• _Task item_: Please reproduce each line of the data below exactly as shown.

• _Records for this task_:
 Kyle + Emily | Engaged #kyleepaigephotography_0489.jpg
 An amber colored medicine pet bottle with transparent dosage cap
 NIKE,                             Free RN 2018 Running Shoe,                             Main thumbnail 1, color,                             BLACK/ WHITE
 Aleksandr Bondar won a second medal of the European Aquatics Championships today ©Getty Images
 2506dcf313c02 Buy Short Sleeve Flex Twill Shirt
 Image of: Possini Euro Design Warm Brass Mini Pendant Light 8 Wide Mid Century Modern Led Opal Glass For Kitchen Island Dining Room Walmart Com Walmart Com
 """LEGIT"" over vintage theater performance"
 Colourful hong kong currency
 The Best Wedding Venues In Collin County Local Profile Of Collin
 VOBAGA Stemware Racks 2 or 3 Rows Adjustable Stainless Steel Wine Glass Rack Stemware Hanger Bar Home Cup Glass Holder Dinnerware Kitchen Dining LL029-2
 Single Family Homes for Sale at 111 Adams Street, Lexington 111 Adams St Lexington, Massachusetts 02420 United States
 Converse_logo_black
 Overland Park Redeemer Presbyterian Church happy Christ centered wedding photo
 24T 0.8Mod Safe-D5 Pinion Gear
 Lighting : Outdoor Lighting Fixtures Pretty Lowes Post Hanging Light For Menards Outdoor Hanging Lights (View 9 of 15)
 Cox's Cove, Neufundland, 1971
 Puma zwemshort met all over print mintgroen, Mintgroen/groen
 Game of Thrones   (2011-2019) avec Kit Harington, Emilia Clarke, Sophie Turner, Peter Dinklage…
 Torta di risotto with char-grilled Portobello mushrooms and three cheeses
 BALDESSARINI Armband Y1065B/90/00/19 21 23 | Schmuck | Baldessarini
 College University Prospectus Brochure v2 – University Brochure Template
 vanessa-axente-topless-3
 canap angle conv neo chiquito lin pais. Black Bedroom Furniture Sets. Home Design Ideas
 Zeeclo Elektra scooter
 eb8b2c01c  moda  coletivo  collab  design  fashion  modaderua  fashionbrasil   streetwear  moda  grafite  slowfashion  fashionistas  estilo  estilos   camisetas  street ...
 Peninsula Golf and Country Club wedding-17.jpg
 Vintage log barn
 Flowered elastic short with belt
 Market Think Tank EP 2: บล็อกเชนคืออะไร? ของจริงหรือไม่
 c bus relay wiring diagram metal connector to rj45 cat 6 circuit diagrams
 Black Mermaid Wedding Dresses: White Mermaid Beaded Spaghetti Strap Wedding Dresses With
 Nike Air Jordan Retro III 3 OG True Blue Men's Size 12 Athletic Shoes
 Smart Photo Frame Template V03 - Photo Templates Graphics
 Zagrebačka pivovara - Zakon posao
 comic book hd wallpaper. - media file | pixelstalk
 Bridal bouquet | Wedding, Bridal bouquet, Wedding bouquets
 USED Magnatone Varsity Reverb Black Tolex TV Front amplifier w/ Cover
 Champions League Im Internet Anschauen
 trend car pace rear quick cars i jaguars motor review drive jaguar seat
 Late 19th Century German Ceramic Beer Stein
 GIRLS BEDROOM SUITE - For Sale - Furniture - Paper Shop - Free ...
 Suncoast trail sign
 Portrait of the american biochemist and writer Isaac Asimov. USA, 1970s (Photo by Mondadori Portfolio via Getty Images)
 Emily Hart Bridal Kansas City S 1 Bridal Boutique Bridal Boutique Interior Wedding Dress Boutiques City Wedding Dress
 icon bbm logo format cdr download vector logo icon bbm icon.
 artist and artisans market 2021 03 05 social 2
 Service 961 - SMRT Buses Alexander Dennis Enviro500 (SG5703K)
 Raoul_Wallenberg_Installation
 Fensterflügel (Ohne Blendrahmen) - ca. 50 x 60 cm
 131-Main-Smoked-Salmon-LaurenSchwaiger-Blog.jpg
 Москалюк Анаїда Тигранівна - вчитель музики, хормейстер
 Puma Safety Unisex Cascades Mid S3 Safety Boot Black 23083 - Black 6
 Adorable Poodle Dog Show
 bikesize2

• _Exercise response_:
 Kyle + Emily | Engaged #kyleepaigephotography_0489.jpg
 An amber colored medicine pet bottle with transparent dosage cap
 NIKE,                             Free RN 2018 Running Shoe,                             Main thumbnail 1, color,                             BLACK/ WHITE
 Aleksandr Bondar won a second medal of the European Aquatics Championships today ©Getty Images
 2506dcf313c02 Buy Short Sleeve Flex Twill Shirt
 Image of: Possini Euro Design Warm Brass Mini Pendant Light 8 Wide Mid Century Modern Led Opal Glass For Kitchen Island Dining Room Walmart Com Walmart Com
 """LEGIT"" over vintage theater performance"
 Colourful hong kong currency
 The Best Wedding Venues In Collin County Local Profile Of Collin
 VOBAGA Stemware Racks 2 or 3 Rows Adjustable Stainless Steel Wine Glass Rack Stemware Hanger Bar Home Cup Glass Holder Dinnerware Kitchen Dining LL029-2
 Single Family Homes for Sale at 111 Adams Street, Lexington 111 Adams St Lexington, Massachusetts 02420 United States
 Converse_logo_black
 Overland Park Redeemer Presbyterian Church happy Christ centered wedding photo
 24T 0.8Mod Safe-D5 Pinion Gear
 Lighting : Outdoor Lighting Fixtures Pretty Lowes Post Hanging Light For Menards Outdoor Hanging Lights (View 9 of 15)
 Cox's Cove, Neufundland, 1971
 Puma zwemshort met all over print mintgroen, Mintgroen/groen
 Game of Thrones   (2011-2019) avec Kit Harington, Emilia Clarke, Sophie Turner, Peter Dinklage…
 Torta di risotto with char-grilled Portobello mushrooms and three cheeses
 BALDESSARINI Armband Y1065B/90/00/19 21 23 | Schmuck | Baldessarini
 College University Prospectus Brochure v2 – University Brochure Template
 vanessa-axente-topless-3
 canap angle conv neo chiquito lin pais. Black Bedroom Furniture Sets. Home Design Ideas
 Zeeclo Elektra scooter
 eb8b2c01c  moda  coletivo  collab  design  fashion  modaderua  fashionbrasil   streetwear  moda  grafite  slowfashion  fashionistas  estilo  estilos   camisetas  street ...
 Peninsula Golf and Country Club wedding-17.jpg
 Vintage log barn
 Flowered elastic short with belt
 Market Think Tank EP 2: บล็อกเชนคืออะไร? ของจริงหรือไม่
 c bus relay wiring diagram metal connector to rj45 cat 6 circuit diagrams
 Black Mermaid Wedding Dresses: White Mermaid Beaded Spaghetti Strap Wedding Dresses With
 Nike Air Jordan Retro III 3 OG True Blue Men's Size 12 Athletic Shoes
 Smart Photo Frame Template V03 - Photo Templates Graphics
 Zagrebačka pivovara - Zakon posao
 comic book hd wallpaper. - media file | pixelstalk
 Bridal bouquet | Wedding, Bridal bouquet, Wedding bouquets
 USED Magnatone Varsity Reverb Black Tolex TV Front amplifier w/ Cover
 Champions League Im Internet Anschauen
 trend car pace rear quick cars i jaguars motor review drive jaguar seat
 Late 19th Century German Ceramic Beer Stein
 GIRLS BEDROOM SUITE - For Sale - Furniture - Paper Shop - Free ...
 Suncoast trail sign
 Portrait of the american biochemist and writer Isaac Asimov. USA, 1970s (Photo by Mondadori Portfolio via Getty Images)
 Emily Hart Bridal Kansas City S 1 Bridal Boutique Bridal Boutique Interior Wedding Dress Boutiques City Wedding Dress
 icon bbm logo format cdr download vector logo icon bbm icon.
 artist and artisans market 2021 03 05 social 2
 Service 961 - SMRT Buses Alexander Dennis Enviro500 (SG5703K)
 Raoul_Wallenberg_Installation
 Fensterflügel (Ohne Blendrahmen) - ca. 50 x 60 cm
 131-Main-Smoked-Salmon-LaurenSchwaiger-Blog.jpg
 Москалюк Анаїда Тигранівна - вчитель музики, хормейстер
 Puma Safety Unisex Cascades Mid S3 Safety Boot Black 23083 - Black 6
 Adorable Poodle Dog Show
 bikesize2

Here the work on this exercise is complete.